Reducing State Energy and Water Use
State government is the largest energy user in the Commonwealth, consuming over 1 billion kWh of electricity and emitting over 1 million metric tons of greenhouse gases per year. Annually, agencies and campuses spend over $250 M per year on energy.
AEP will significantly reduce the current annual consumption of more than 800 million kilowatt hours of electricity, 12 million gallons of heating oil, 55 million therms of natural gas, and emissions of more than 800,000 tons of greenhouse gases, which represent more than 4,000 buildings and 58 million square feet. The program will save an estimated 135,000 metric tons of greenhouse gases annually, the equivalent of removing 26,000 vehicles from the road per year.
Over the three year life of the Accelerated Energy Program, projects will range from small lighting and fixture upgrades to major equipment retrofits. Projects will also span a diverse set of sites, ranging from hospitals and colleges to prisons, ice rinks, and more.
The AEP program will be funded through the state’s Clean Energy Investment Program (CEIP), general obligation bonds, and Mass SaveŽ. CEIP uses utilities savings from energy and water projects to repay the bonds used to finance the projects. For a project to be eligible for CEIP funding, it must result in annual savings greater than or equal to 110 percent of the project’s debt services cost.
Leading by Example
When Governor Patrick signed Executive Order 484 Leading by Example – Clean Energy and Efficient Buildings in 2007, the Patrick-Murray Administration launched a dedicated effort to reduce greenhouse gas emissions, potable water usage, and overall energy consumption.

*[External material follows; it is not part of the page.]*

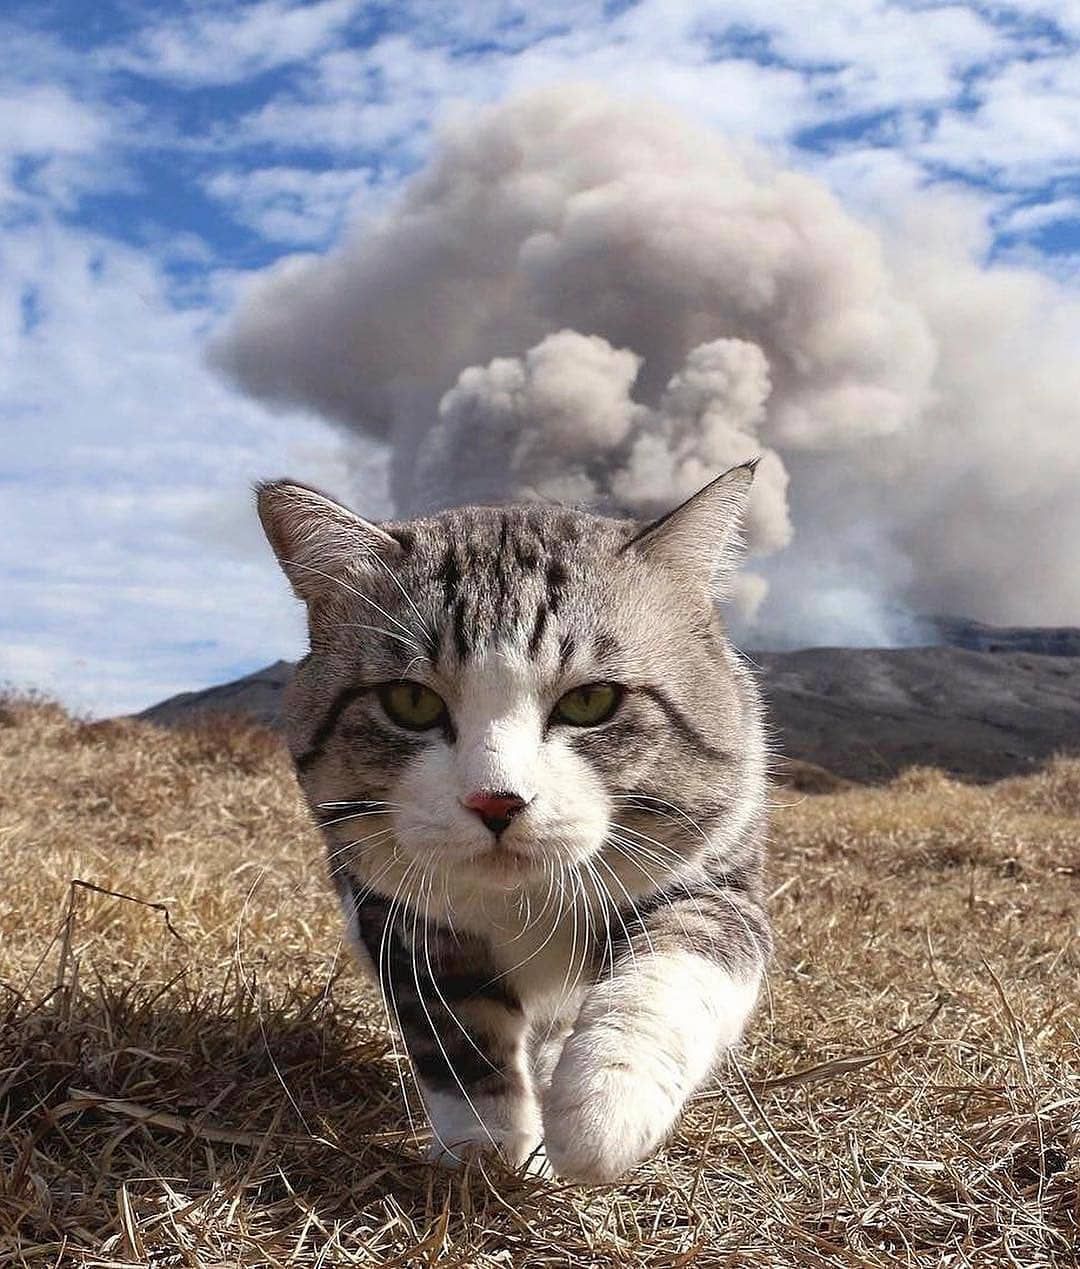 Cat and explosion - Cat walking away from explosion or eruption

The Executive Order established several aggressive and clear goals for the Commonwealth’s facilities portfolio:
- Reduce greenhouse gas emissions 25 percent by 2012 and 40 percent by 2020;
- Reduce energy consumption 20 percent by 2012 and 35 percent by 2020; and
- Obtain 15 percent of total electricity from renewable sources by 2012 and 30 percent by 2020.
Since 2007, the Division of Capital Asset Management and Maintenance (DCAMM) has completed projects at nearly 30 percent of all Commonwealth facilities. These projects have been a contributing factor in elevating Massachusetts to the top of the American Council for an Energy-Efficient Economy’s national rankings for state energy-efficiency policies in both 2011 and 2012. This distinction recognizes many initiatives in Massachusetts, including the investment and savings in energy efficiency for residential, low-income, commercial, and industrial electric and natural gas customers, delivered through the Mass Save program.